Morales has been through two major deployments with her husband, the first being to Bosnia for seven months. During this time, the family was stationed in Baumholder, Germany. The second deployment was to Afghanistan for 14 months. Having various means of communication made the distance and time apart from each other a little easier.
“Technology has definitely changed since his first deployment,” said Morales. “We used to only have a few phone calls and letters, but since then we were able to Skype and have phone calls more frequently. I felt better being able to hear him more often.” Some spouses don’t particularly enjoy the moving aspect of being in the military, but Morales said she enjoys it and knows it’s not for everyone.
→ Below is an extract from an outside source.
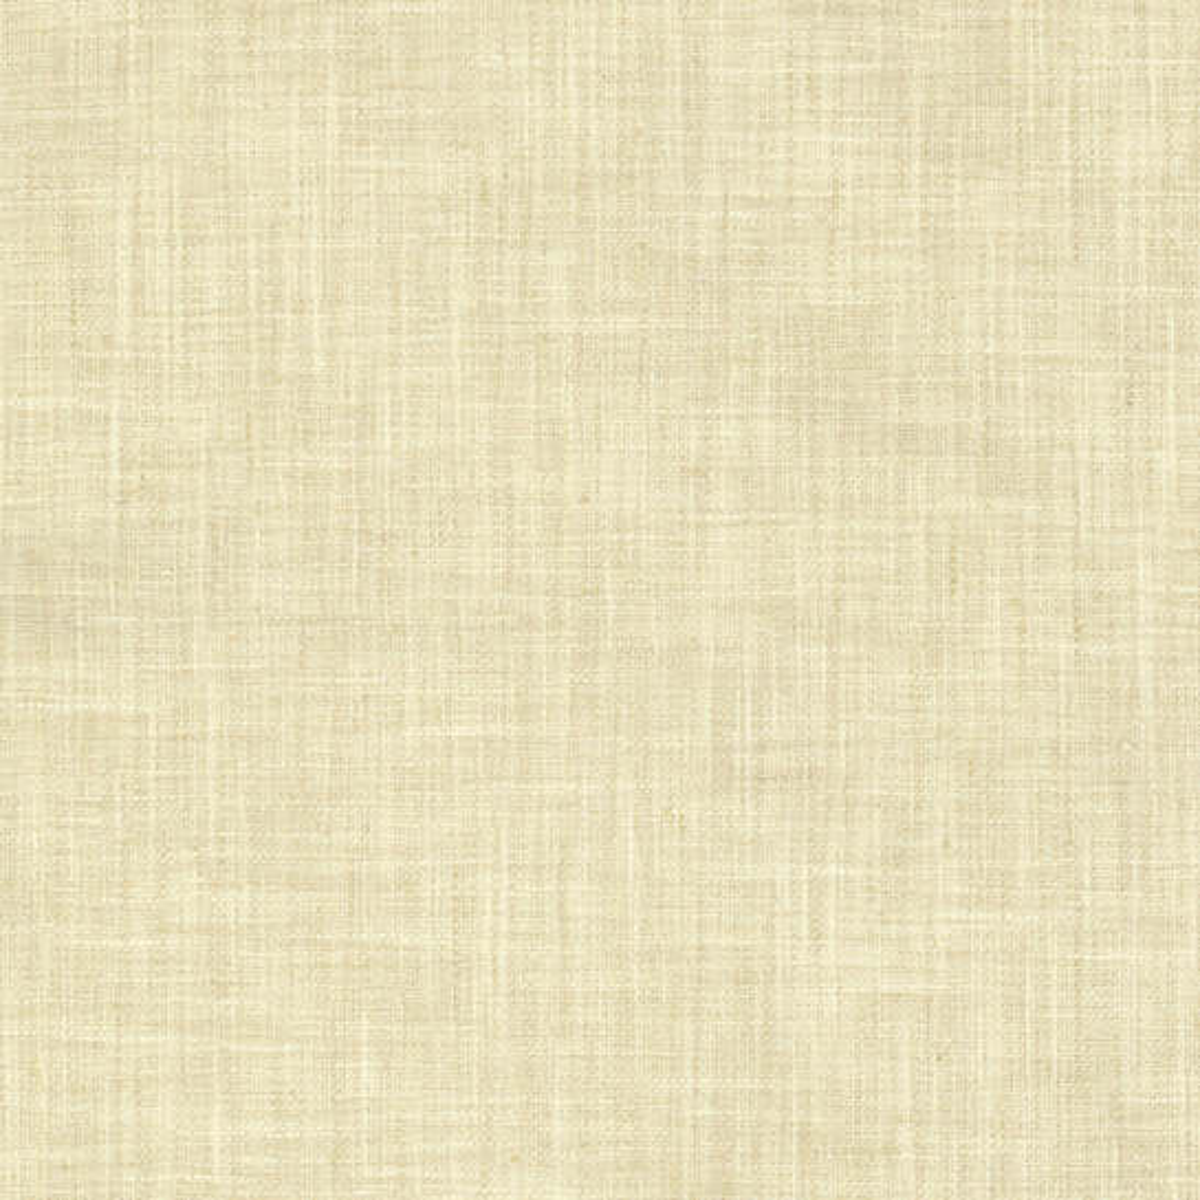 Greylock Ivory Swatch

“Spouses do a lot for the service members,” said Sgt. Marks. “I know that while I’m gone on deployments, I can trust that everything will be fine back home. I know that my kids are being taken care of and that my wife is handling everything in the best way possible.”
One of the challenges military spouses sometimes face, is being kept apprised of military events and news, but not for his wife, explained Marks.
“She keeps me informed on a lot of stuff that’s going on around the base,” said Marks. “If I’m busy all day at work, I know that she’ll still keep me updated on what I need to know. I’m sure not a lot of the Marines actually realize what spouses do for them as a whole. My wife keeps me grounded, helps with my uniforms, keeps my hair looking good, and cooks while I’m out.”
After 28 years of Military Spouse Appreciation Day, military spouses have become involved in many support groups; one very popular group is Operation Homefront. Operation Homefront has many events throughout the country’s military installations that focus on the needs of military families with a deployed loved one. Another accomplished group of military spouses and parents is the Blue Star Mothers of America group. This group supports troops overseas by sending care packages and other needed supplies.
“I’ve gone on four deployments,” said Marks. “One of the main things that got me through is receiving letters and phone calls. It makes you realize it’s the little stuff that helps you get through everything. I know she’s taking care of the family back home; she’s strong.”